I’ve sometimes commented on wine labels also, with a mix of praise and criticism. Because along with what’s in the bottle (or box or can) I firmly believe that the package has a major impact on sales. Consumers buy the package as often as not. How does that package attract or repel them? How much useful information does it convey? And in the case of a decision to cover the cork in plastic, how much trouble does it cause when opening the wine?

There are many closure options for wineries that are still bottling in glass. Real cork, composite cork, bamboo cork, plastic cork, screwcap, crown cap, glass cap and on and on. Further amendments, such as a wax seal, neck foil and plastic are not necessary for the preservation of the contents but may sometimes add to the overall package design.

Wine labels are another essential part of the package. Does the overall design work have visual appeal? Does it convey just the legally mandated information or add further detail? Is there a unique story being told or just the usual stuff about passion and using the best grapes possible?

I’ve seen labels printed almost entirely in black, rendering them unreadable. I’ve seen cartoonish labels on expensive wines that make them look cheap. I’ve seen labels so overloaded with technical gobbledygook that only a chemist could unravel them. I’ve seen wines with no paper labels at all, just (sometimes) indecipherable imprinted glass. And on the other hand are labels that not only convey exactly what’s in the bottle but also bring a personal, artistic touch to the overall design. The hand-drawn, letter-printed labels of Big Table Farm are a splendid example of such exceptional work.

Granted that not every winery has a talented artist at the helm, and simply spending money on a design firm is no guarantee of success. But designing a simple, readable and informative label – better yet finding a design that reaches across an entire portfolio, such as Charles Smith’s use of black and white along with catchy wine names – should not be out of reach for most.

Those of us who open hundreds if not thousands of wine bottles every year may be more sensitive to closures than the average consumer. But honestly, if you plan to sell your wine in restaurants, wouldn’t it make sense to put it in a package that doesn’t require a professional wrestler to jack open?

The late Eric Dunham made outstanding wines with original artwork he’d painted himself and at times cloaked them in faux wax. Eric was both a cherished friend and someone whose wines I reviewed professionally. Once or twice I referenced the goop on the bottle unfavorably. Rather than take offense, Eric invited me to dinner at the winery and made a special presentation of a one-of-a-kind bottle of his best wine that he’d slathered in a vast amount of red plastic. We both had a good laugh. That bottle is one of my personal treasures and is proudly displayed in my wine cellar.

I’ll tackle the even more exasperating topic of bad wine label copy in a later post.

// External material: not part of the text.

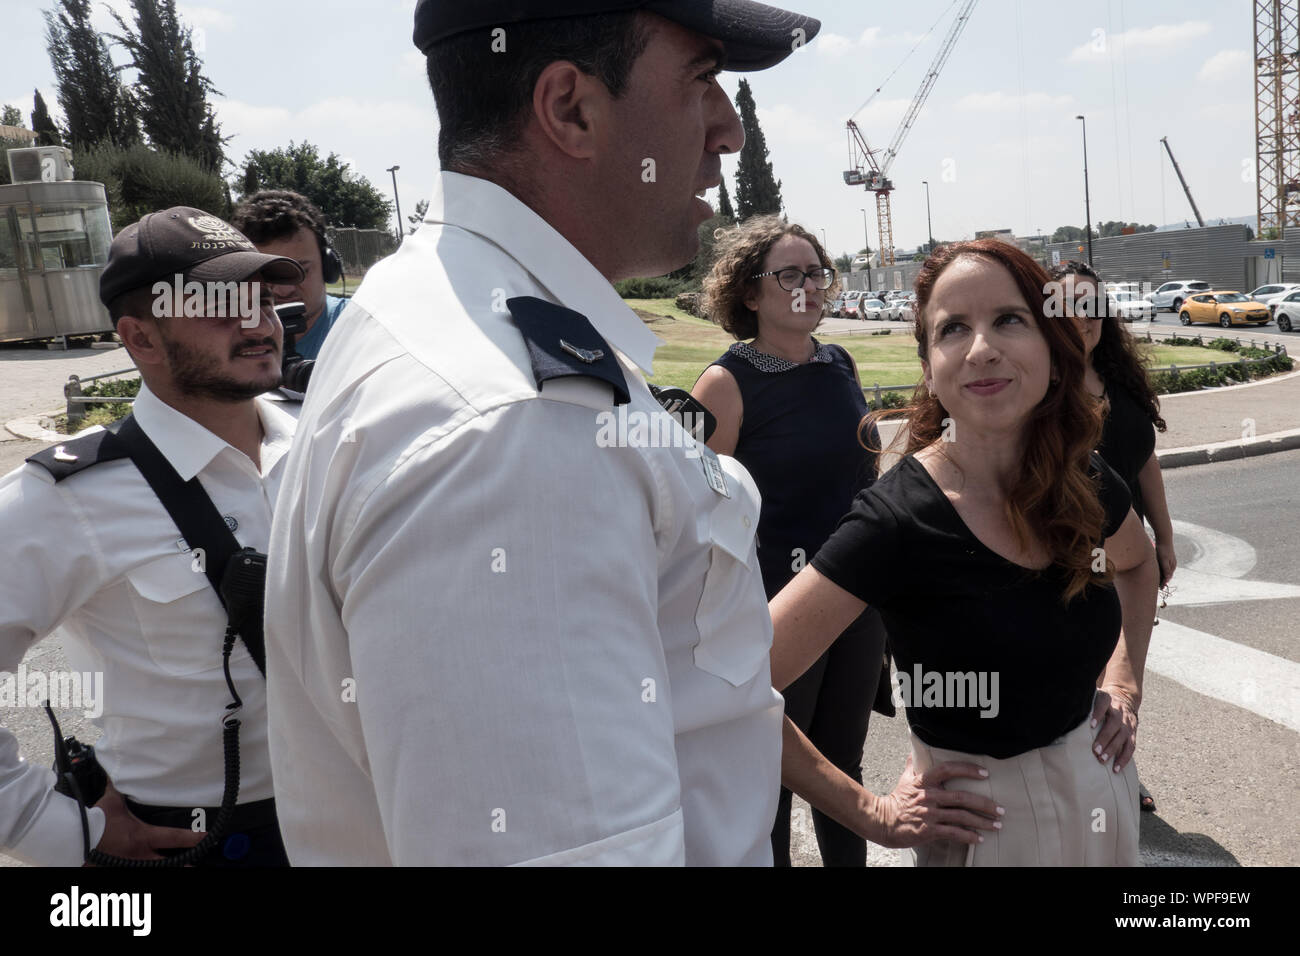 Jerusalem, Israel. 9th September, 2019. STAV SHAFFIR (R), former Labor MK and leader of 2011 Israeli social justice protests, number 2 on the the Democratic Union list, exchanges words with Knesset Guard as activists block the access road to the Israeli Parliament. Credit: Nir Alon/Alamy Live News Stock Photo

Suffice it to say that if you waste that precious and limited space on a meandering tale of your passion you are in no way differentiating yourself from tens of thousands of others. There are a whole lot of passionate people making wine, and good on ’em. But that does not make for good copy.

So… winemakers, consumers, designers, retailers, somms and fellow scribes… what do you think? How important is packaging? How does the look of a wine label impact buying decisions? And should wine reviews stick to what’s in the bottle and leave out the rest?

27 Responses

  1. What an intriguing question and I can’t wait to read the opinions sure to come. Rather than be influenced by those, I’m going to jump right in with mine. Coming from a marketing mindset, I see a vessel of wine as a singular product with different components. As in any product, the components collectively create the overall product impression. What producers aim for is a clear and accurate brand impression of a product. If any of the components do not fit the desired brand, then there’s brand confusion and your consumers are not sure what they are getting — likely making the product less desirable.

    I’ll use DANCIN as an example. Prior to the current “wine dress” label, DANCIN’s label was more abstract and showy. Owner Dan Marca received some feedback from a respected critic that “the label did not prepare her for the elegance of the wine.” Even though the wine had made it to her table, the taste and visuals were conflicting, lessening the overall enjoyment of the wine. Dan’s current label design took that feedback to heart and found a stunning remedy — you’ll want to take a look if you’re not familiar.

    I believe that packaging is critical to create a way for consumers to more accurately understand what they are buying. Just as much as lesser packaging can hide the elegance of a wine, producers shouldn’t count on high-end packaging to improve the quality of what’s in the bottle. In either situation, the consumer will probably not be happy. People resonate with brands that are accurate and true to themselves.

    When it comes to wine reviews, I want to read wine reviews about the wine, and packaging can be an interesting footnote.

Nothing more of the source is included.